* **Problem description**: In the records below, the lines between the one holding "Letitia Elizabeth Landon: Toil" and the one holding "Charlie Morgan was", inclusive, are to be transcribed exactly; no pictures are to be included.

* **Extracted records**:
####################

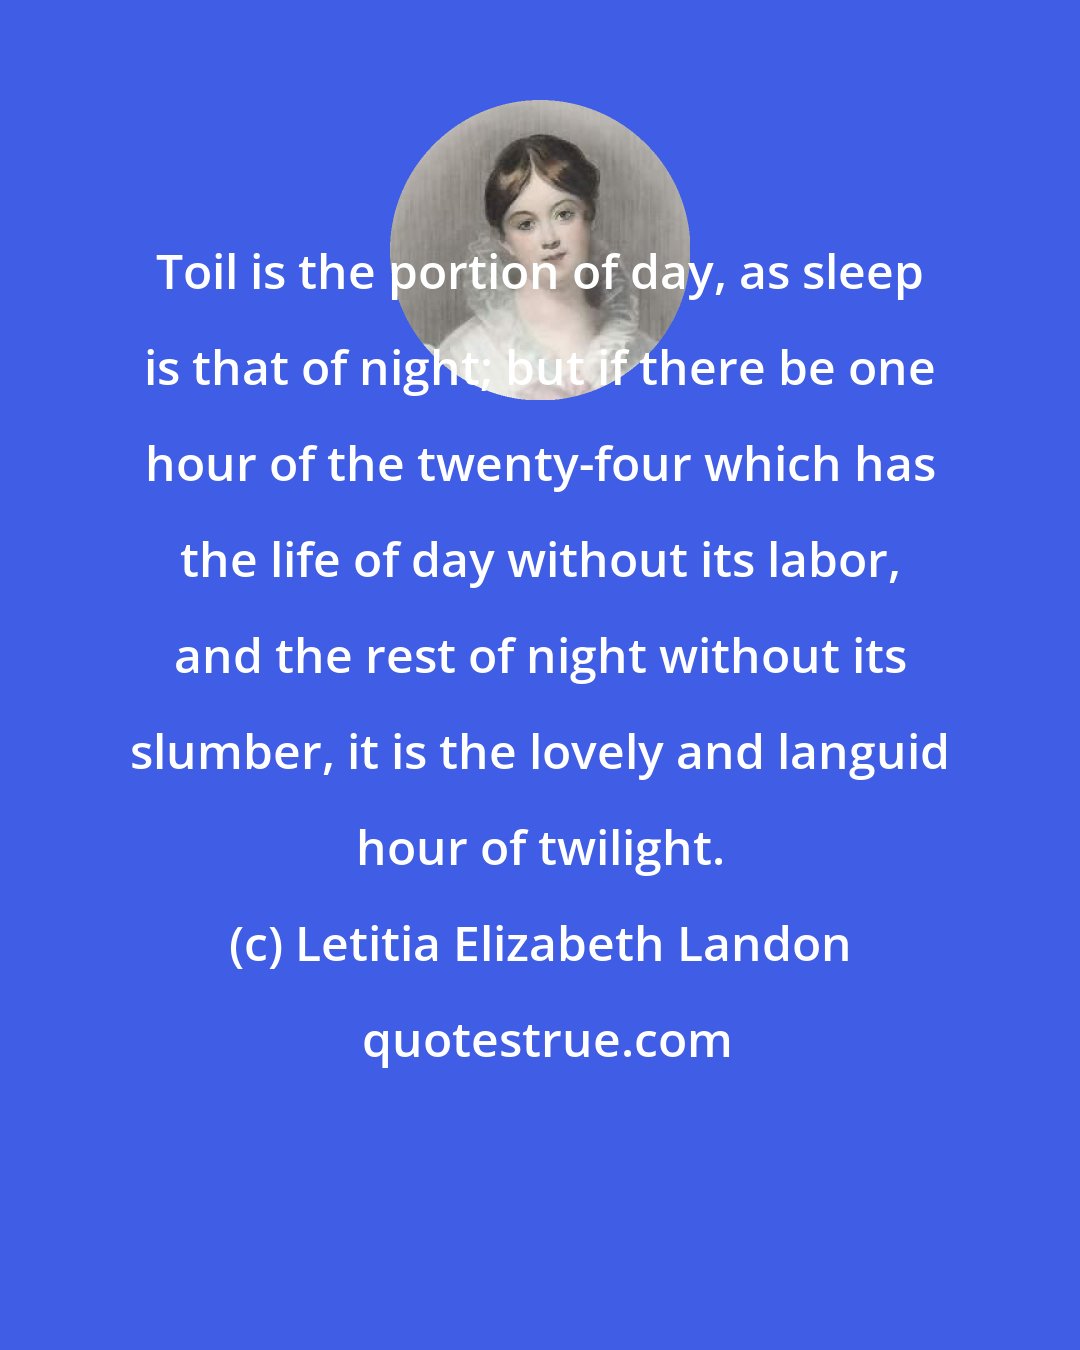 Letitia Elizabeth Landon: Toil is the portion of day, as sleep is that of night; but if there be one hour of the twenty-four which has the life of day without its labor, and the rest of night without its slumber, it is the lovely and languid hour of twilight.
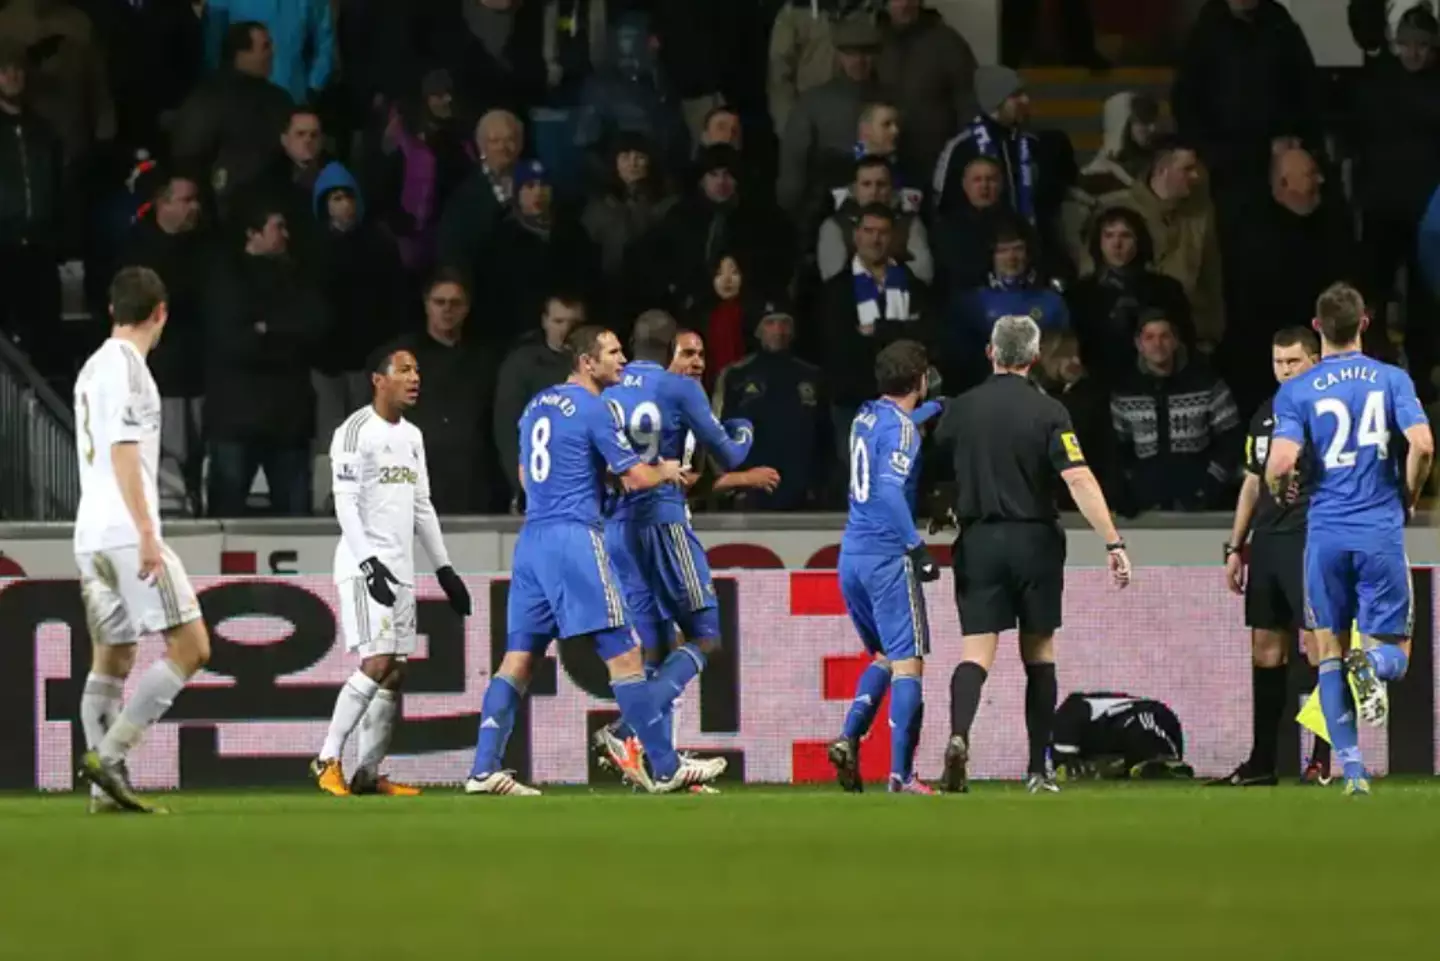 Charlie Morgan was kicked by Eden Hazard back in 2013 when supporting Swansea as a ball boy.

####################

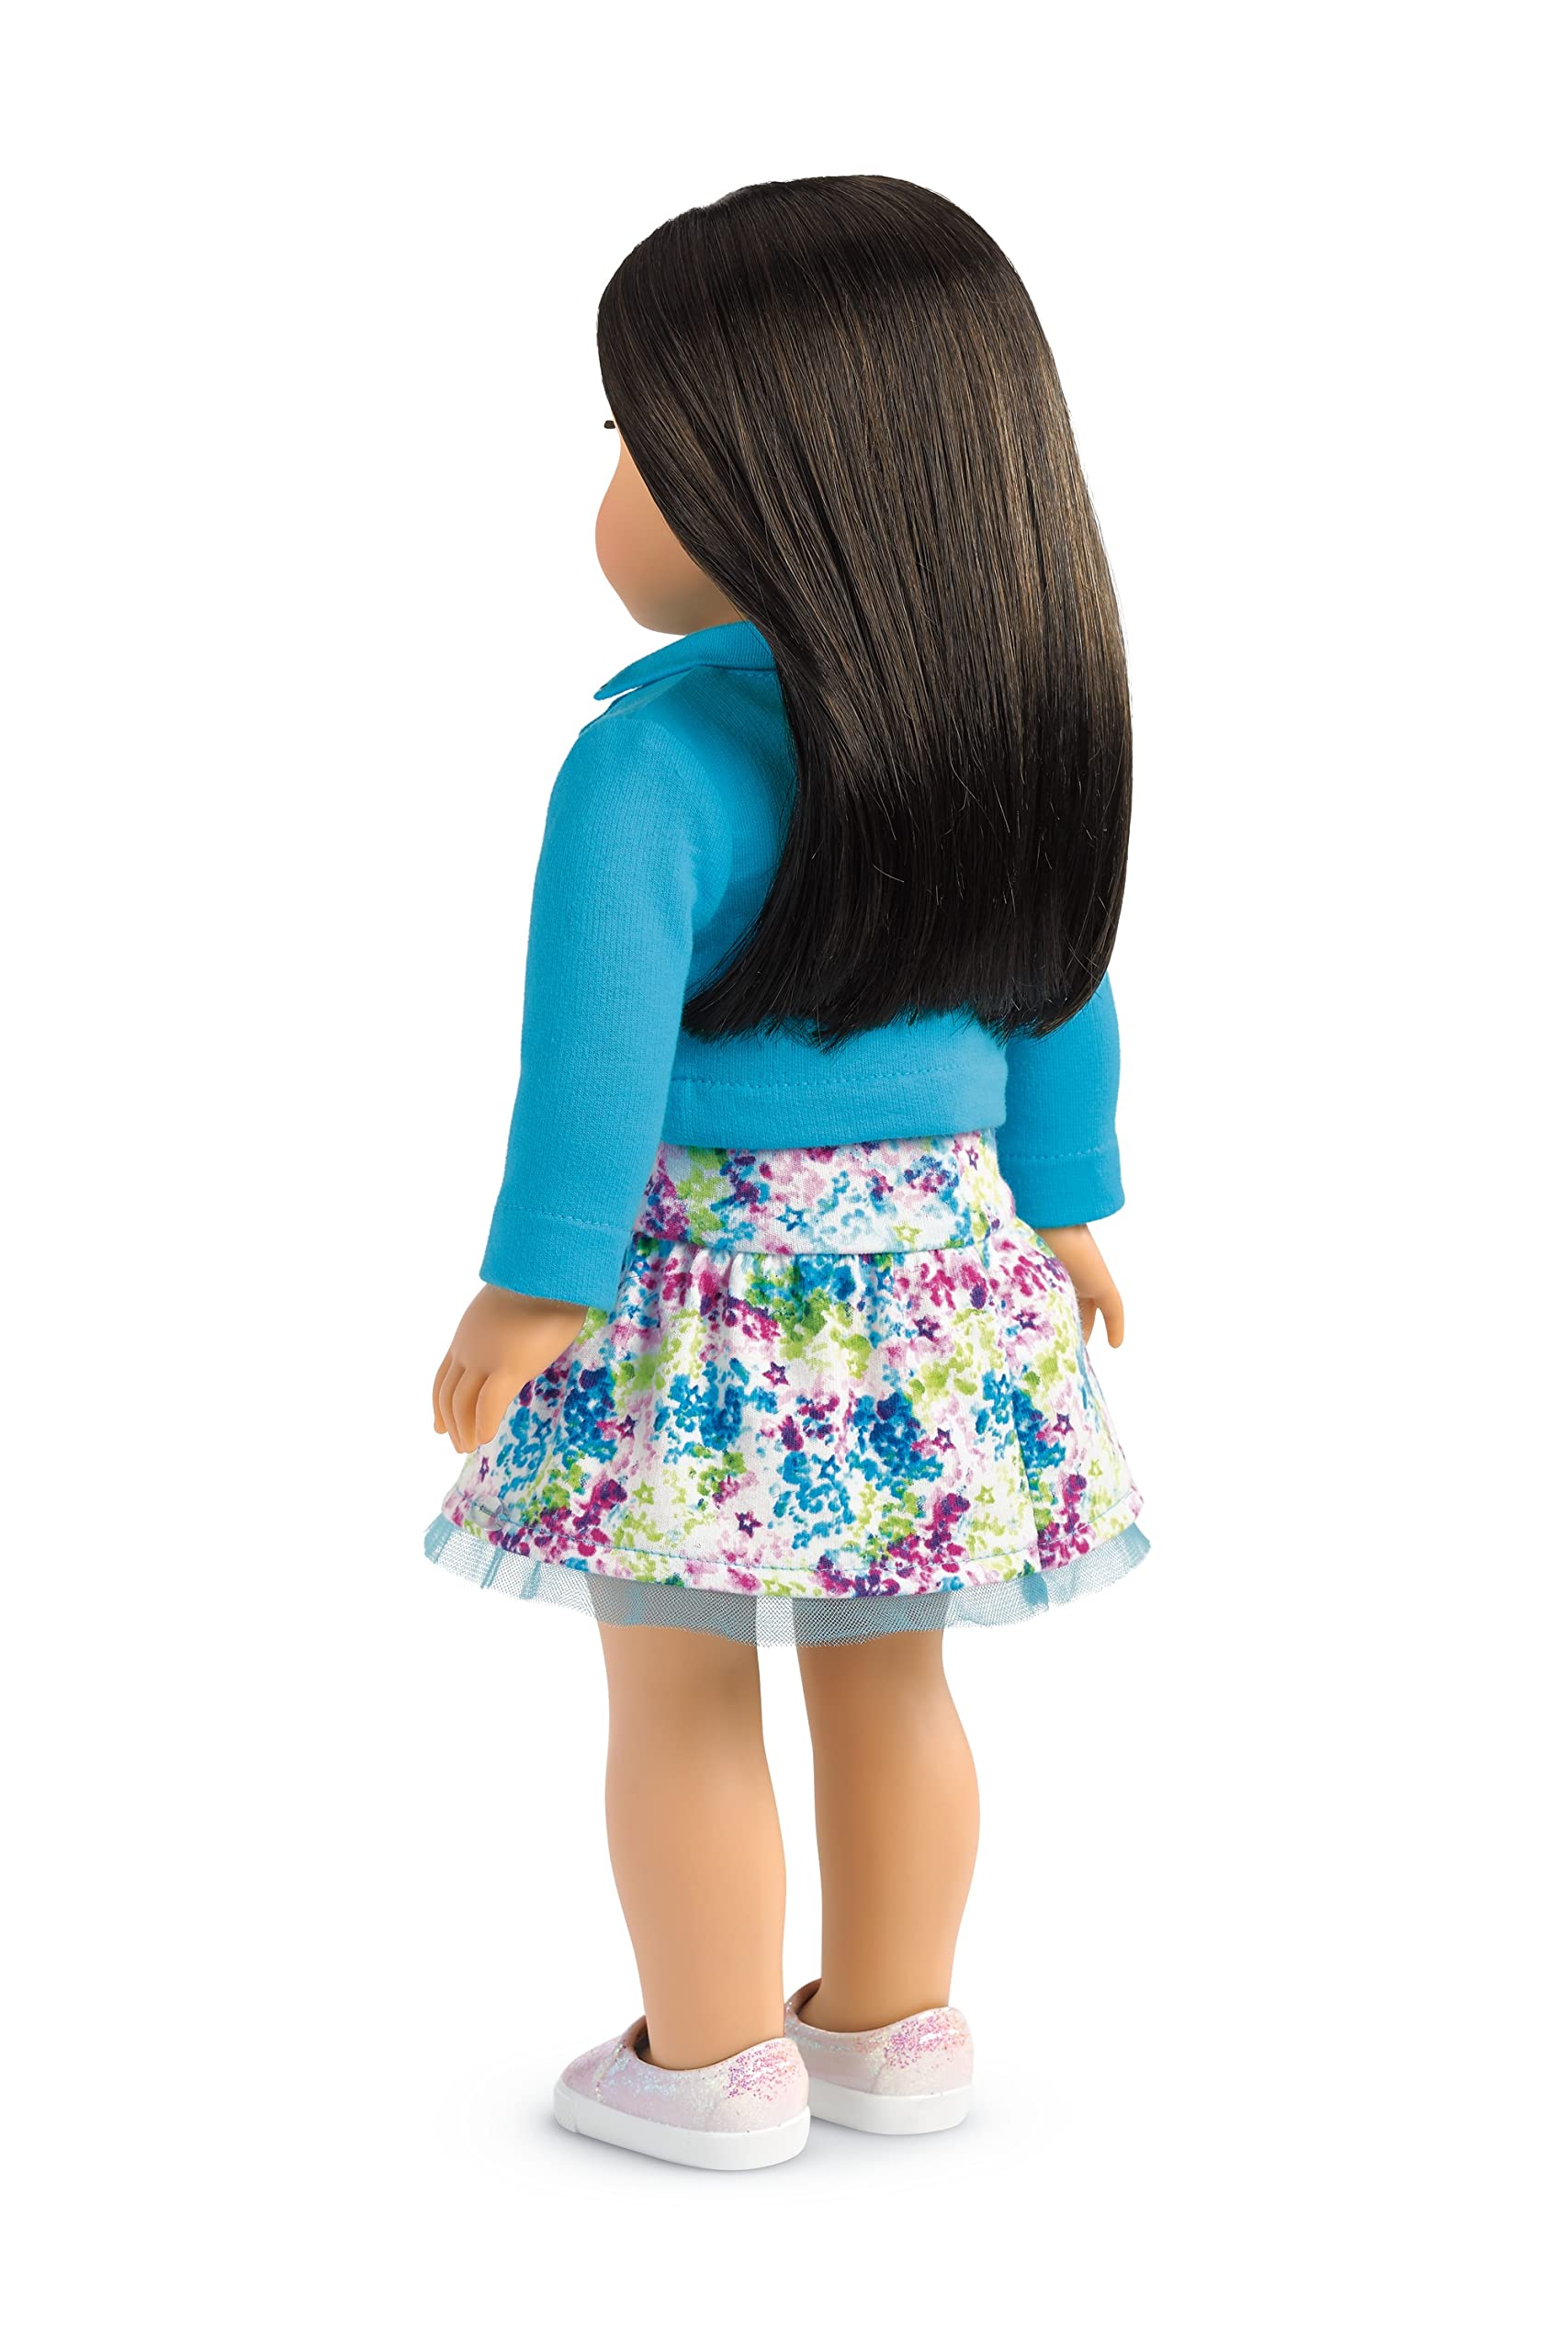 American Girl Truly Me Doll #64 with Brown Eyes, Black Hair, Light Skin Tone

####################

* **The answer**:
 Letitia Elizabeth Landon: Toil is the portion of day, as sleep is that of night; but if there be one hour of the twenty-four which has the life of day without its labor, and the rest of night without its slumber, it is the lovely and languid hour of twilight.
 Charlie Morgan was kicked by Eden Hazard back in 2013 when supporting Swansea as a ball boy.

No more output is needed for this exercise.